Artaud was a prolific and unusual writer and wrote poetry, commentaries and dramatic dialogues from an early age. In 1921 he began writing for magazines like the Surrealists' journal Literature. He became a leading member of this group. Artaud also wrote outlines for a number of films during the 1920's and early 1930's. He also acted in films like Carl Dreyer's Passion of Joan of Arc (1927). During this period, he also wrote and directed for the Paris stage in works that ranged Greek and Roman classics, to plays by Strindberg to works by Surrealist friends like Roger Vitrac.

He left the surrealist group due to disagreements with Andre Breton. He soon after wrote his first significant work Art and Death (1929). In 1931, Artaud saw a Balinese dance performed at the Paris Colonial Exposition and he saw that the body could express story, character and extreme emotion without words. Soon after he started the draft of his most famous work The Theatre and its Double which he finally completed in 1937 and which was published in 1938. He tried throughout this period to include these ideas in plays that he mounted during the 1930’s through until the outbreak of war. Artaud’s 1935 adaptation of Shelley’s The Cenci involved the first use of electronic sounds and sound effects on stage. Balthus also designed a sensual and erotic set for this piece.


Artaud championed ideas for the creation of a Total Theatre that he hoped would transform existing expectations of theatrical experiences. Attacking theatre's dependency on scripts, he believed that theatre had turned into a mouthpiece for the playwright and argued that theatre practitioners should stop being bound to texts and should try to discover and articulate their own language. Artaud wanted theatre to return to magic and ritual and create a new theatrical language of totem and gesture where the theatrical space would be devoid of spoken dialogue and appeal primarily to the senses.

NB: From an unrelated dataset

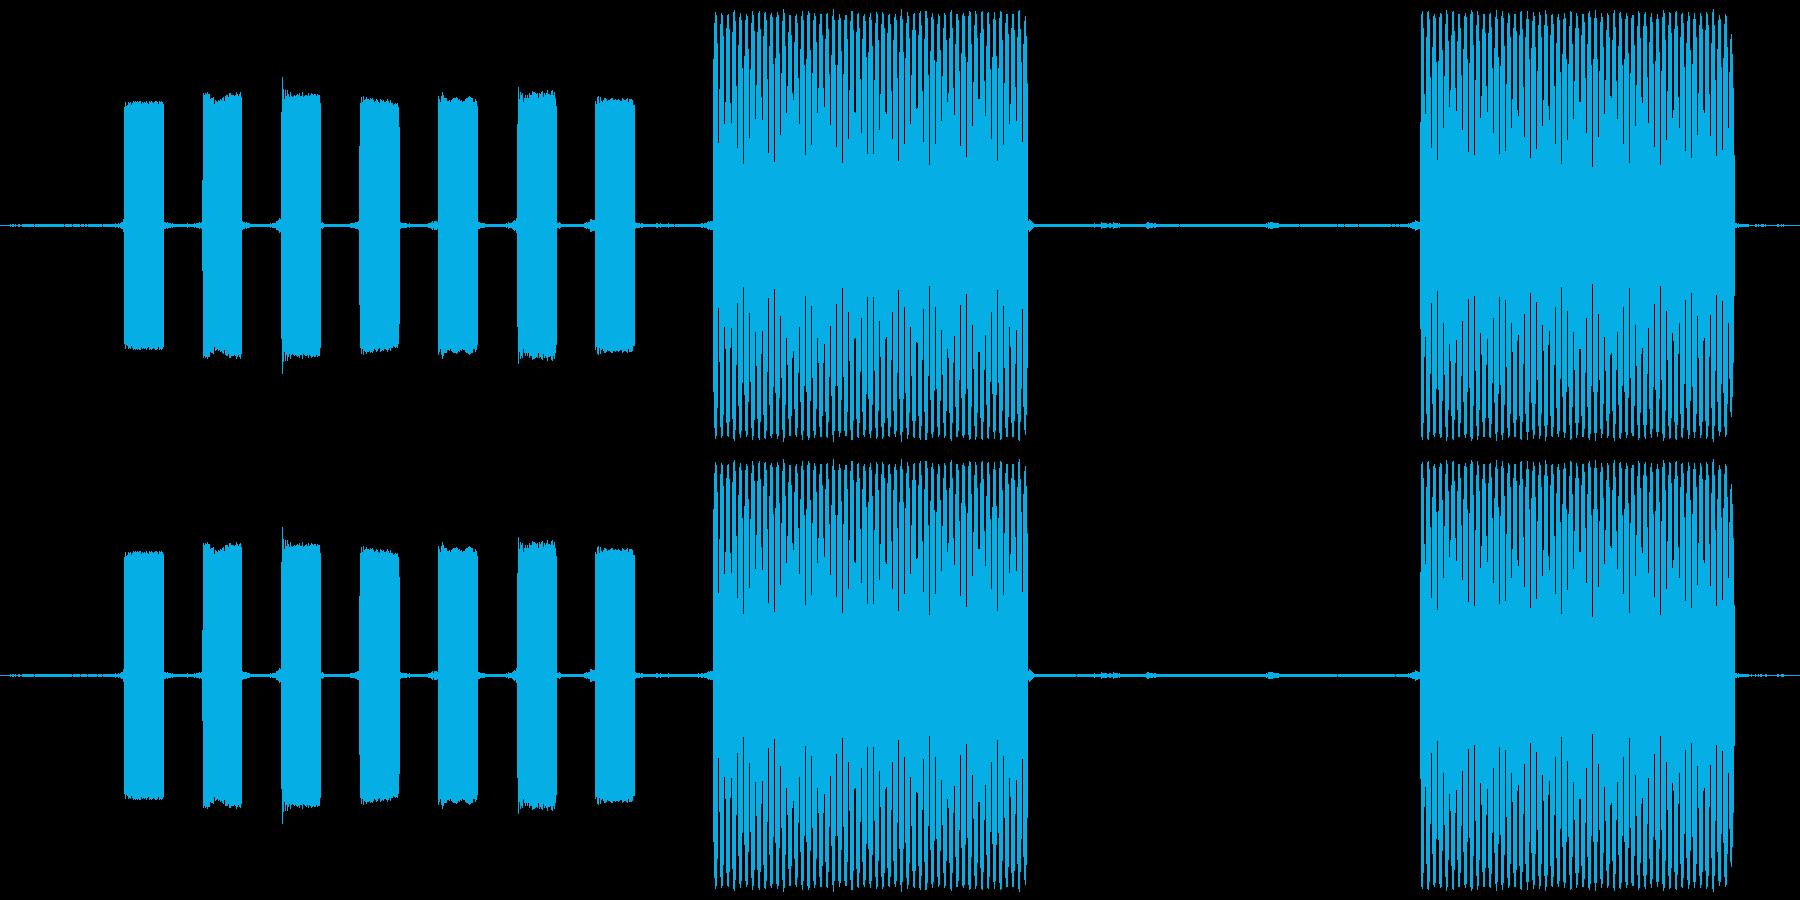 ピ、ポ、パ、トゥルルル・・・と電話をか…の再生済みの波形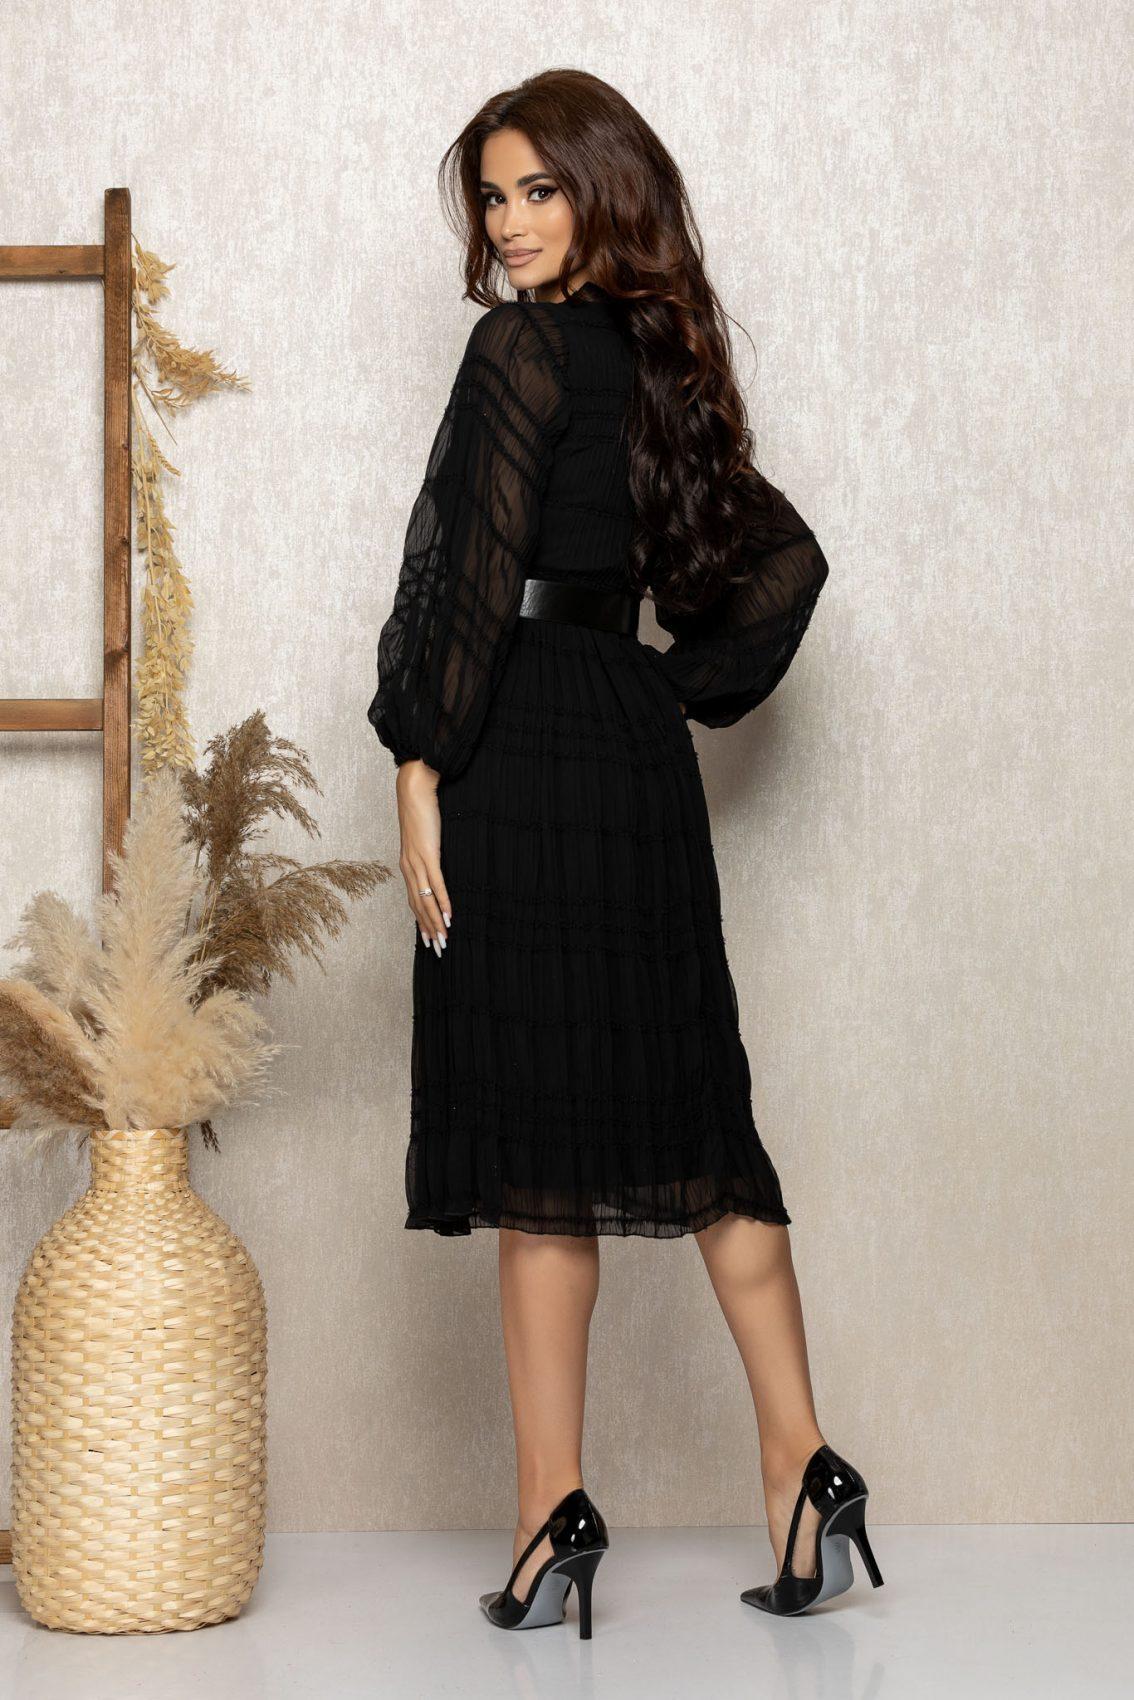 Μαύρο Μίντι Βραδινό Φόρεμα Με Ζώνη Marilyn T280 2

Artaud's attitudes, beliefs and style were influenced by psychology, mythology, Surrealism and his addiction to opiates and heroin. He spent most of his life in and out of mental institutions. He once visited Ireland with what he thought was St Patrick’s walking stick. He was deported back to France and ended up in a straightjacket in a mental asylum in Rodez for about nine years. He was released from the asylum in 1936 and died within two years.
Artaud said: "Words say little to the mind, compared to space thundering with images and crammed with sounds… where the spectator is seized by the theatre as by a whirlwind of higher forces."


Exercises

·      Timed Breathing & Circular Nose Breathing
·      Walking – Balancing the space as a plate, as a magnet, fluid circular movement, straight lines, angles, combinations
·      Transitioning from one to other, transferring and transitioning states
·      Use the body as the voice. Try the following emotions using the parts of the body to express the emotion or action – crying foot, grieving hand, laughing knee, kissing elbow. Now try to express these emotions and actions with your whole body.
·      Try to have your whole body embody a complex emotional state such as Isolation, Revolt, Cruelty, Assimilation and Disgust. Now see if two people interacting can transfer their complex state to one another.
·      Artaud believed that spoken language destroys theatre. Take a script and using only the vowels of the dialogue as the text and the bodies of the actors create a piece which assaults the senses.